Mafalda, a futura economista luso-americana, quer ver debatido outro tipo de “reforma do Estado” – a institucional. “As falhas democráticas e económicas de uma nação não são culturais ou inevitáveis, mas sim consequências de falhas institucionais que podem ser corrigidas. Não estamos condenados à corrupção nem à chico-espertice”, afirma. Vasco Figueira, engenheiro informático de 33 anos em Londres, tem outra visão do desenvolvimento. Quer ver debatida de forma “séria” a “crença no endividamento público como gerador de crescimento”.
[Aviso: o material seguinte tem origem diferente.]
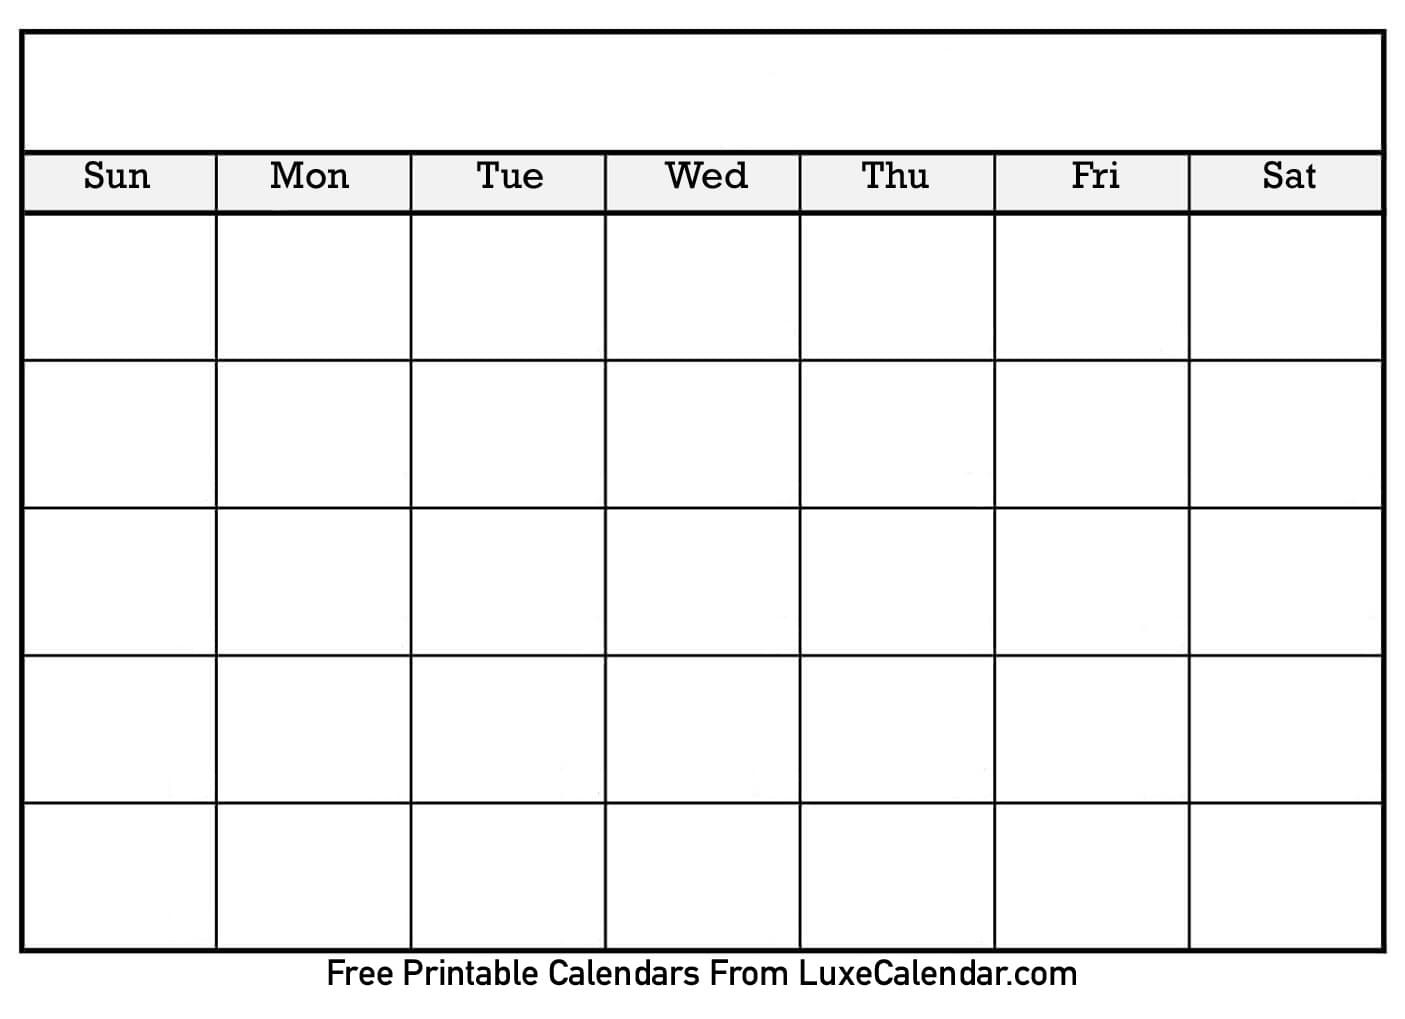 Blank Printable Calendar - Luxe Calendar-Printable Blank Monthly Calendar Template

Outros jovens assumem uma dieta informativa. “Seguia as notícias até me aperceber que me estava a fazer fisicamente mal à saúde ler constantemente sobre a destruição de valores importantes e do meu país”, conta Carolina Henriques, 22 anos, antropóloga de formação a iniciar um doutoramento na Dinamarca. Rita, a solitária eleitora portuguesa na Nova Zelândia, está em processo de “afastamento emocional” do turbilhão mediático. “Não leio jornais, não sigo ninguém no Facebook que partilhe notícias de Portugal e, quando falo com a minha família ao fim-de-semana, tento sempre contornar qualquer tema sócio-político que apareça”, conta. Mas ambas vão votar. Como todos os jovens inquiridos pelo PÚBLICO votariam, caso pudessem.